If the messy and protracted dissolution of Hüsker Dü didn’t mean that it hurt any less when it finally happened, it was also impossible at the time to anticipate what it’s legacy would be.

Equally, the notion of solo careers for anyone involved with those acts who’d pioneered an American alternative music scene one van at a time seemed ridiculous – striking out on your own was for members of the Jackson Five. Bob Mould’s intransigence was hardly a secret however, so it was somehow fitting that he’d eschew the received wisdom in every sense, his post-Dü album Black Sheets of Rain an ugly listen totally without compromise.

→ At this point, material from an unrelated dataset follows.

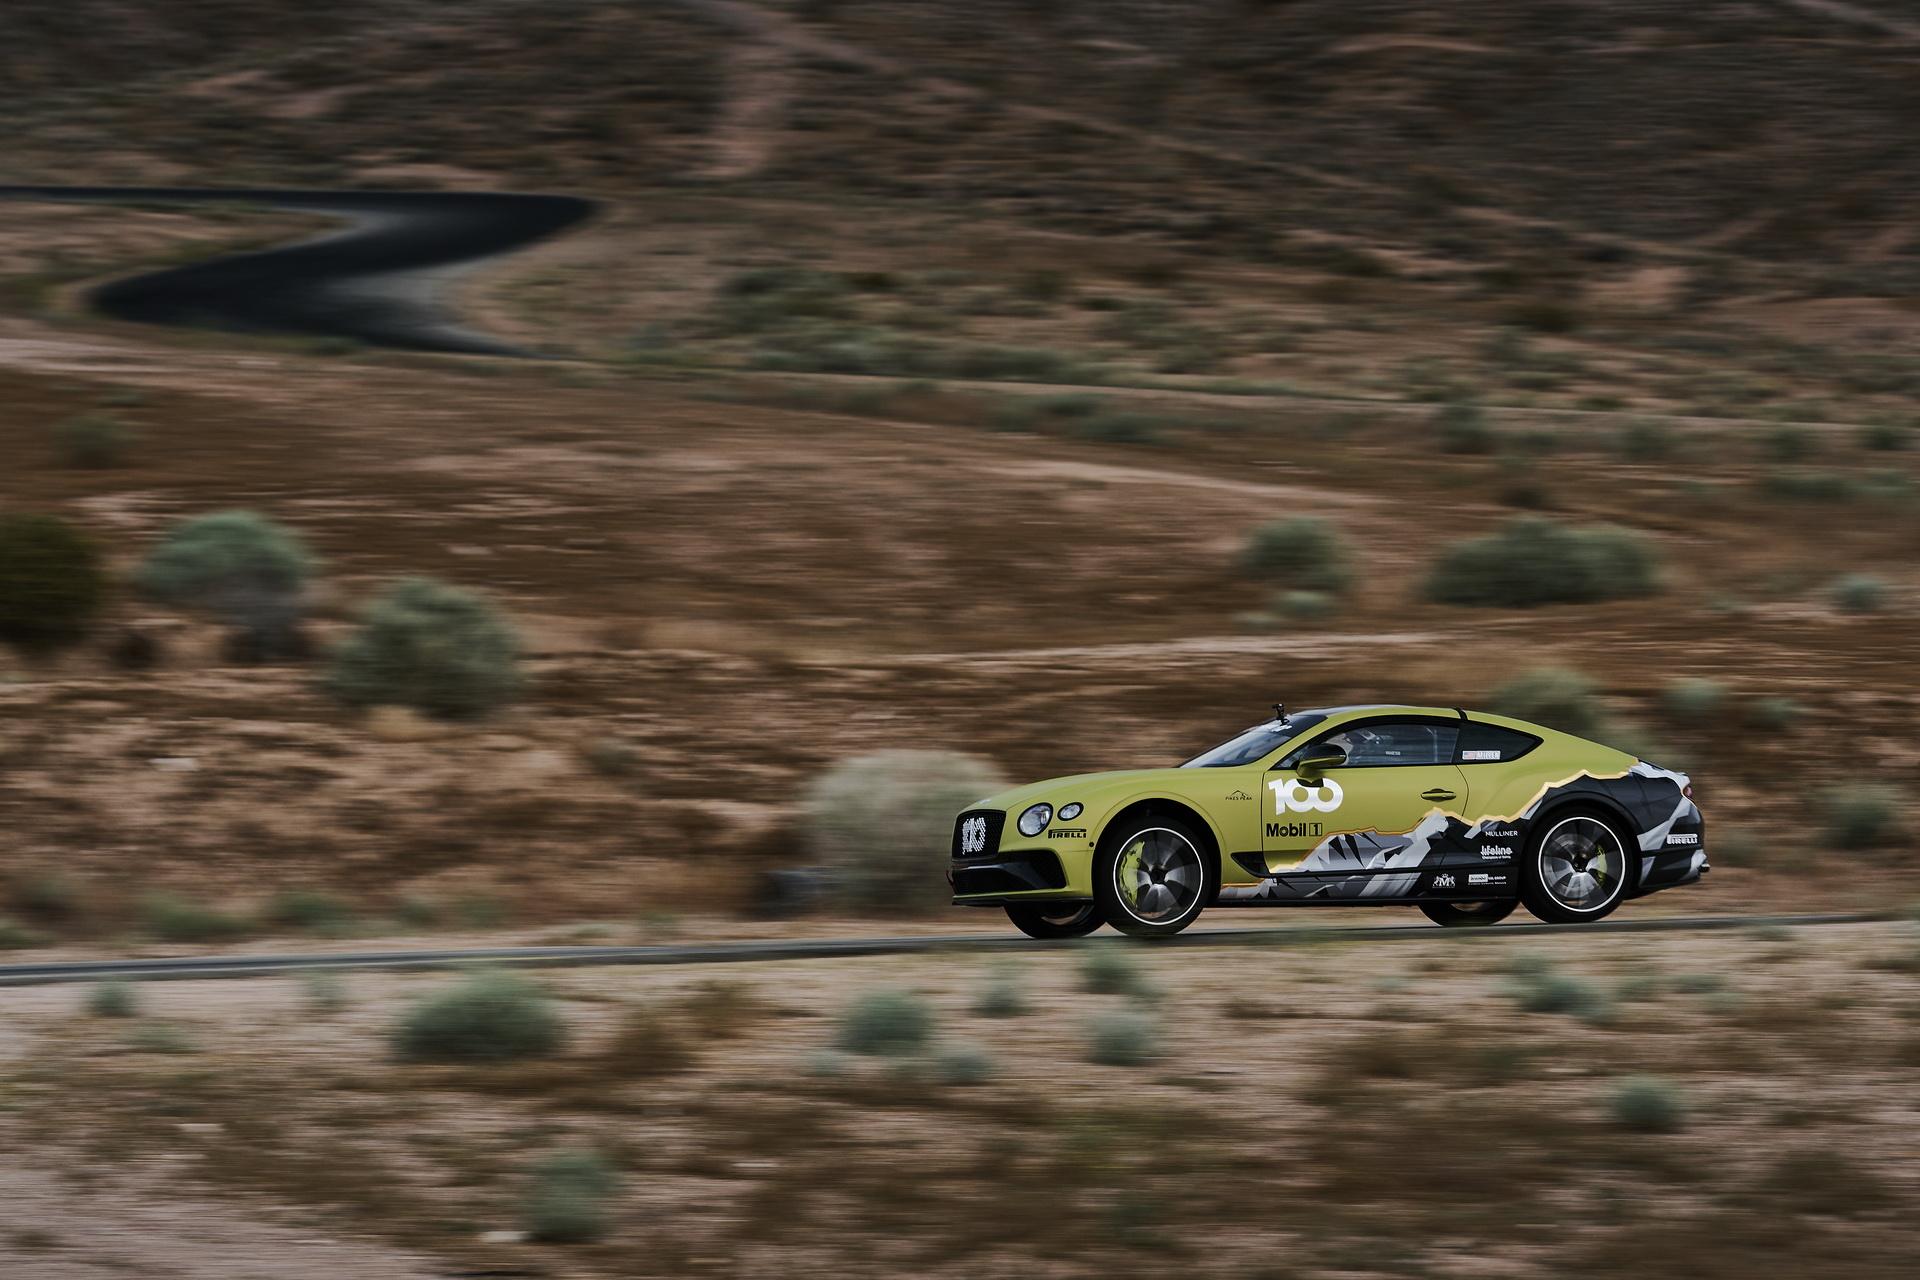 GT W12

Mould then formed Sugar as much it seemed to get away from himself as anything else. Back in a power trio setting but this time without the songwriting tension once shared with Grant Hart, against the all-pervasive backdrop of grunge, their debut collection of melodic rock Copper Blue found him rejecting the aesthetics of the moment, serving up a cleaner, less damaged sound to greater purpose.

Copper Blue was the most commercially successful work Mould would ever write, but paradoxically the unfamiliar pressure of being a commodity in demand and the onset of a relationship breakdown drove him to the harder, uncompromising sound of what he described as it’s “Evil twin”, Beaster. A six track EP released only a few months later, Tilted was it’s centrepiece, a blast of scathing punk that faithfully recreated the emotional sarcophagus of decaying love into noise, the hornet’s nest of a guitar solo dangerous and rasping. Outsiderdom beckoned again, to be embraced this time forever.